At the time of this writing (January 2002), the newest version of Unicode, Unicode 3.2, was in beta, and thus still in flux. The Unicode 3.2 spec is schedule to be finalized in March 2002, well before this book actually hits the streets. With a few exceptions, I don't expect major changes between now and March, but they're always possible, and therefore, the Unicode 3.2 information in this book may wind up wrong in some details. I've tried to flag all the Unicode 3.2-specific information here as being from Unicode 3.2, and I've tried to indicate the areas that I think are still in the greatest amount of flux.
Sample code in this book is almost always in Java. This is partially because Java is the language I personally use in my regular job, and thus the programming language I think in these days. But I also chose Java because of its increasing importance and popularity in the programming world in general and because Java code tends to be somewhat easier to understand than, say, C (or at least no more difficult). Because of Java's syntactic similarity to C and C++, I also hope the examples will be reasonable accessible to C and C++ programmers who don't also program in Java.
The sample code is provided for illustrative purposes only. I've gone to the trouble, at least with the examples that can stand alone, to make sure the examples all compile, and I've tested them to make sure I didn't make any obvious stupid mistakes, but they haven't been tested comprehensively. They were also written with far more of an eye toward explaining a concept than being directly usable in any particular context. Incorporate them into your code at your own risk!
I've tried to define all the jargon the first time I use it or to indicate a full explanation is coming later, but there's also a glossary at the back you can refer to if you come across an unfamiliar term that isn't defined.
Numeric constants, especially numbers representing characters, are pretty much always shown in hexadecimal notation. Hexadecimal numbers in the text are always written using the 0x notation familiar to C and Java programmers.
Unicode code point values are shown using the standard Unicode notation, U+1234, where "1234" is a hexadecimal number of from four to six digits. In many cases, a character is referred to by both its Unicode code point value and its Unicode name: for example, "U+0041 LATIN CAPITAL LETTER A." Code unit values in one of the Unicode transformation formats are shown using the 0x notation.

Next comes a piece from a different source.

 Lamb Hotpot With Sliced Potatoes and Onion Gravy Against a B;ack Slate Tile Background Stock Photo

How This Book Was Produced

All of the examples of text in non-Latin writing systems posed quite a challenge for the production process. The bulk of this manuscript was written on a Power Macintosh G4/450 using Adobe FrameMaker 6 running on MacOS 9. I did the original versions of the various diagrams in Microsoft PowerPoint 98 on the Macintosh. But I discovered early on that FrameMaker on the Macintosh couldn't handle a lot of the characters I needed to be able to show in the book. I wound up writing the whole thing with little placeholder notes to myself throughout describing what the examples were supposed to look like.

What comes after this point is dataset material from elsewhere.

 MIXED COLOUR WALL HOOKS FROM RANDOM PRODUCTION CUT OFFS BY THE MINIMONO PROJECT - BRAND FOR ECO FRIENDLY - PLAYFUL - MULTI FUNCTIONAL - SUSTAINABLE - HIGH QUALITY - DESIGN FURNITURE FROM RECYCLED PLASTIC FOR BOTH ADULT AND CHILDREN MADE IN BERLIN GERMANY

FrameMaker was somewhat compatible with Apple's WorldScript technology, enabling me to do some of the example, but I quickly discovered Acrobat 3, which I was using at the time, wasn't. It crashed when I tried to created PDFs of chapters that included the non-Latin characters. Switching to Windows didn't prove much more fruitful: On both platforms, FrameMaker 6, Adobe Illustrator 9, and Acrobat 3 and 4 were not Unicode compatible. The non-Latin characters would either turn into garbage characters, not show up at all, or show up with very compromised quality.

Late in the process, I decided to switch to the one combination of software and platform I knew would work: Microsoft Office 2000 on Windows 2000, which handles (with varying degrees of difficulty) everything I needed to do. I converted the whole project from FrameMaker to Word and spent a couple of months restoring all the missing examples to the text. (In a few cases where I didn't have suitable fonts at my disposal, or where Word didn't product quite the results I wanted, I either scanned pictures out of books or just left the placeholders in.) The last rounds of revisions were done in Word on either the Mac or on a Windows machine, depending on where I was physically at the time, and all the example text was done on the Windows machine.

The Author's Journey

Like many in the field, I fell into software internationalization by happenstance. I've always been interested in language--written language in particular--and (of course) in computers. But my job had never really dealt with this directly.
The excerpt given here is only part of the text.